At the beginning of the pandemic, I ordered some face masks from an online retailer. Six weeks later I received them with a return address of a city in China. Knowing the masks came from the country where the virus originated was not very comforting.
So how and why did we get into this dependent posture?
Simple — labor is cheap and plentiful in China, which is attractive to Big Pharma.
Also, regulations are more lenient in China than the United States, which makes it a “friendlier” manufacturing environment.
This exportation of pharmaceutical manufacturing is a problem that has been exposed by the COVID-19 crisis and a major governmental hearing held last year. Both instances have brought this issue into the spotlight.

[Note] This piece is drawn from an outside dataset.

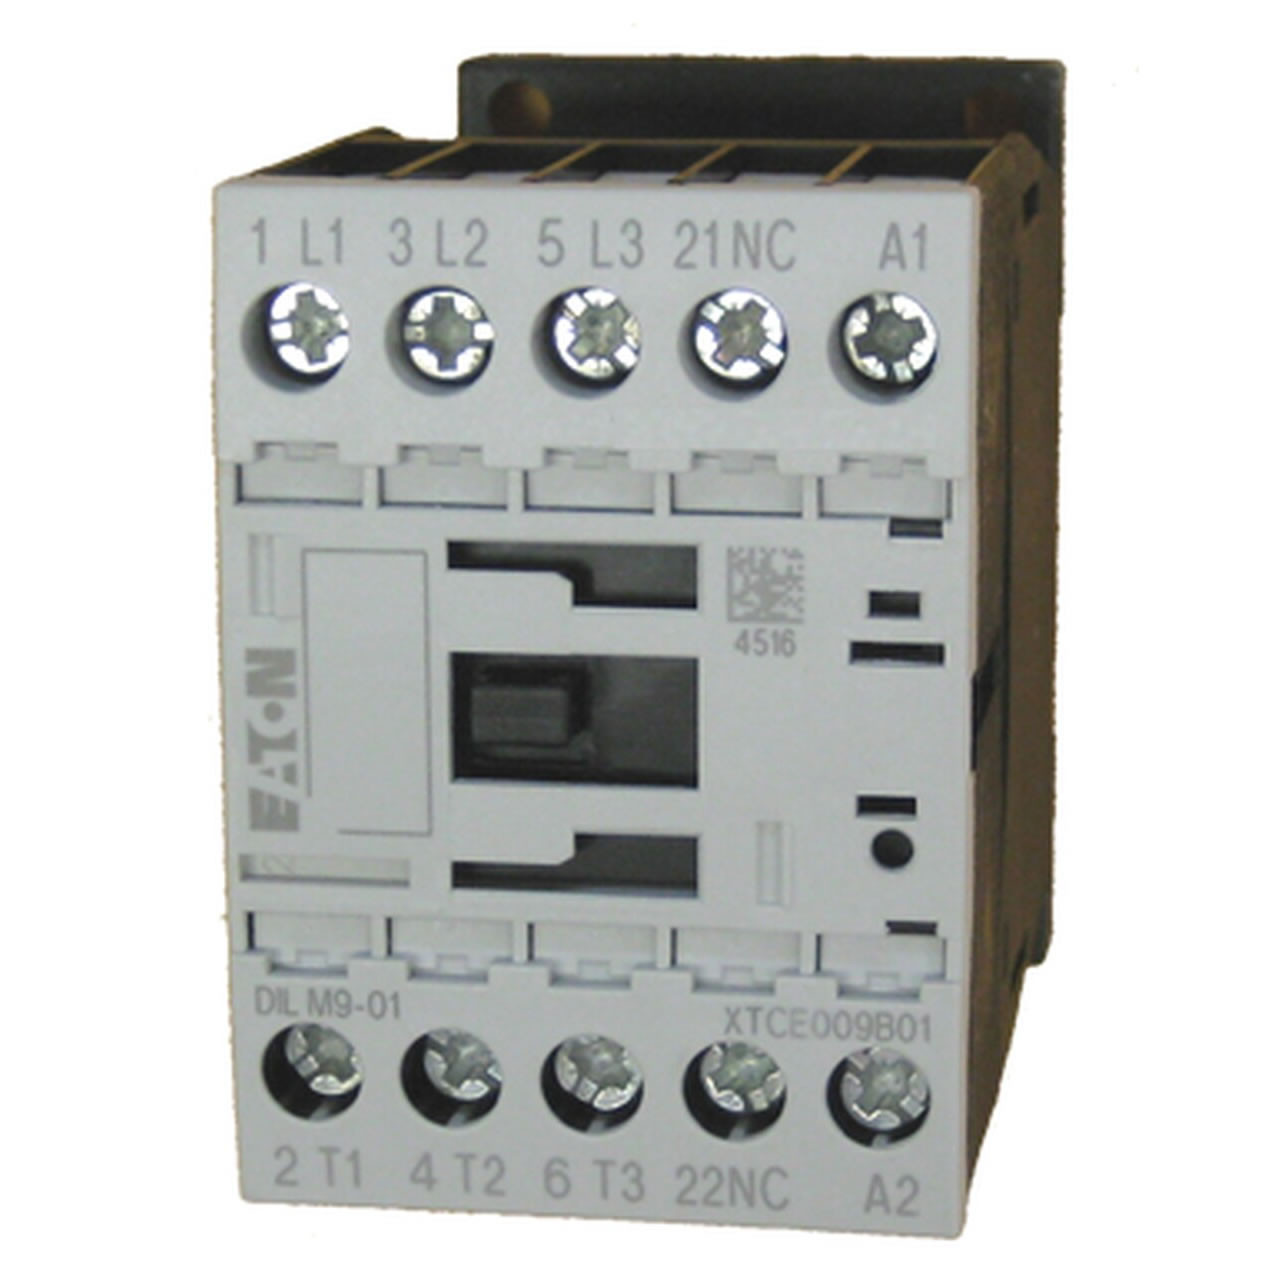 Eaton/Moeller DILM9-01 600 volt AC contactor

Rosemary Gibson, Senior Advisor at the Hastings Center, exposed the serious risks facing the United States due to our over reliance on China for our pharma-ceuticals.
She pointed out that our country’s health security was in jeopardy and cited something surprising to me — we can no longer make penicillin. She related that our country’s last U.S. penicillin fermentation plant closed in 2004. She went on to disclose that a cartel was formed by Chinese companies who conspired to sell penicillin at below market price on the global market, driving all United States companies out of business.
Another of Gibson’s unveilings was that the United States no longer can manufacture generic antibiotics. We have allowed this capability to erode and are limited in making drugs to combat illnesses that are threats.
However, Congressional help is on the way.
This exposure has prompted congressional action by Senator Marsha Blackburn (R-TN) who introduced S. 3432, the Securing America’s Medicine Cabinet Act, on March 10. It is a bi-partisan measure that is moving through Congress, hopefully rapidly.
The stated purpose of this legislation is to support the advanced manufacturing technologies program of the Food and Drug Administration, to establish National Centers of Excellence in Advanced Pharmaceutical Manufacturing, and for other purposes.
This measure requires the Federal Drug Administration (FDA) to approve drug manufacturing technologies expeditiously so drug shortages are not encountered or created by bureaucracy. The legislation also establishes pharmaceutical manufacturing centers of excellence so we can create a more qualified workforce. The development of technologies will also be encouraged in order to help manufacturers produce more drugs as well as active pharmaceutical ingredients in the United States.
One of the things supporters of S. 3432 point out is how the coronavirus pandemic has shown we run a major risk of having drug shortages which could be catastrophic, just like the issue of oil shortages a few years back. Opponents of the bill (Big Pharma) contend higher labor prices and excessive regulations will cause higher drug prices.
It is encouraging that Congress has recognized the problem and is attempting to correct it. Hopefully, the correction will come sooner rather than later before we have a nationwide crisis arise.
Another encouraging occurrence is the rapid mobilization of companies moving to develop a COVID 19 vaccine. This action shows how we can achieve a positive momentum when we work together as a united country rather than engaging in incessant and non-productive political squabbling.
We need to use the same positive resolve and speed to change pharmaceutical labels to “Made in America.”